Only hard choices left for Cyprus now, says European Union
Brussels: The European Union has warned debt-stricken Cyprus on the eve of crucial negotiations on its future that it will have to make "hard choices" and asked the country to reach an agreement with its euro zone partners on a rescue package to avert a bankruptcy.
It is essential that an agreement is reached by the euro zone finance ministers at their meeting in Brussels on Sunday evening on a 10 billion-euro (USD 13 billion) financial rescue package offered by the EU and the International Monetary Fund over a week ago, EU commissioner for economic and monetary affairs Olli Rehn said.
"Unfortunately, the events of the past days have led to a situation where an optimal solution is no longer available," Rehn said in a statement on Saturday night.
"Only hard choices are left Sunday," he said.
He made the statement as negotiators of the Cypriot government and representatives of the "troika" comprising the EU commission, the International Monetary Fund and the European Central Bank broke up their negotiations in Nicosia on ways to avert a financial meltdown and decided to continue their talks in Brussels.
Rehn said the negotiations made some progress and he hoped they can "pave the way for an agreement on a financial assistance programme".
Convening of the emergency meeting by the finance ministers and participation by Cyprus president Nicos Anastasiades are seen as strong indications that an agreement is in the offing.
In a dramatic U-turn, the country's political leaders are again considering a controversial levy on bank depositors to raise 5.8 billion euros to secure the bailout, which was overwhelming rejected by the parliament on Tuesday.
The turnaround came after Russia, whose citizens have billions of euros of deposits in Cypriot banks, early last week turned down a request for help from the government.
Media reports said discussions are focusing on a plan to impose a one-off levy between 15 and 20 percent on deposits above 100,000 euros in the country's largest bank, the Cyprus Bank, where wealthy Russians have reportedly parked billions of euros and four percent over the same level in all other banks.
The original plan was to charge a one-time 6.75 percent levy on deposits between 20,000 euros and 100,000 euros and 9.9 percent above that level.
A major part of the bailout package offered by the EU and the IMF is intended to recapitalise the largest banks, whose collapse could force the country out of the euro zone.
The island's banking sector was crippled by its exposure to Greek debts and loss of payments from Greek businesses. The ECB last week threatened to cut off its emergency assistance for Cypriot banks if no viable plan to raise 5. 8 billion euros is presented by Monday.

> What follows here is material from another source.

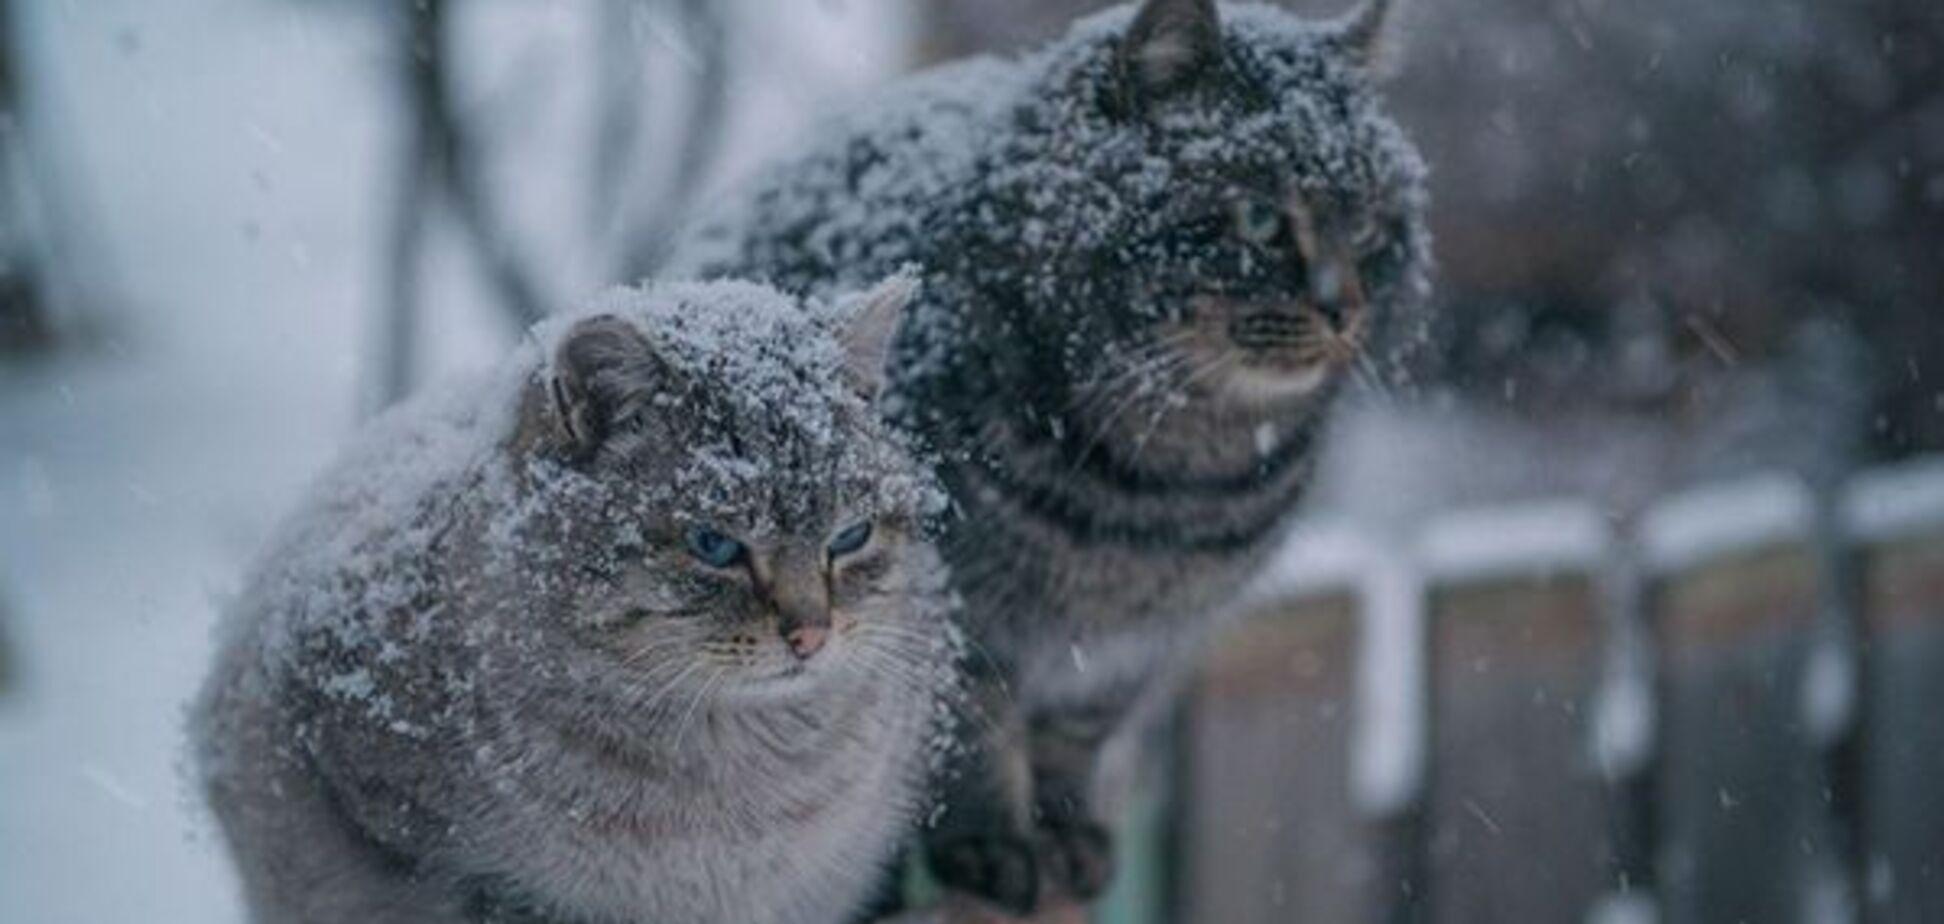 Теплую погоду в Украине сменят сильные морозы: синоптики назвали дату

After the parliament rejected the bank levy plan, political leaders have been desperately trying to come up with a "Plan B" that would satisfy the international lenders.
On Friday, the parliament agreed to set up a "national solidarity fund" to raise 5.8 billion euro, but politicians are still debating how to pool state assets and contributions pledged by the Orthodox Church.
A plan to tap the national pension fund was dropped after objection from euro zone partners, including Germany, which argued that it will more painful to ordinary citizens than a levy on deposits.
The parliament also agreed to restructure the country's banks by splitting them into "good" and "bad" banks and authorised the government to impose capital controls, fearing a flight of capital abroad when the banks reopen on Tuesday.
Rehn said: "It is clear that the near future for Cyprus will be very difficult." However, support from Europe can help minimise the economic damage and to protect the most vulnerable population from the effects of the financial crisis.
Cyprus and its people are part of the European family and the EU stands by them and will help rebuild the nation's economy, he said.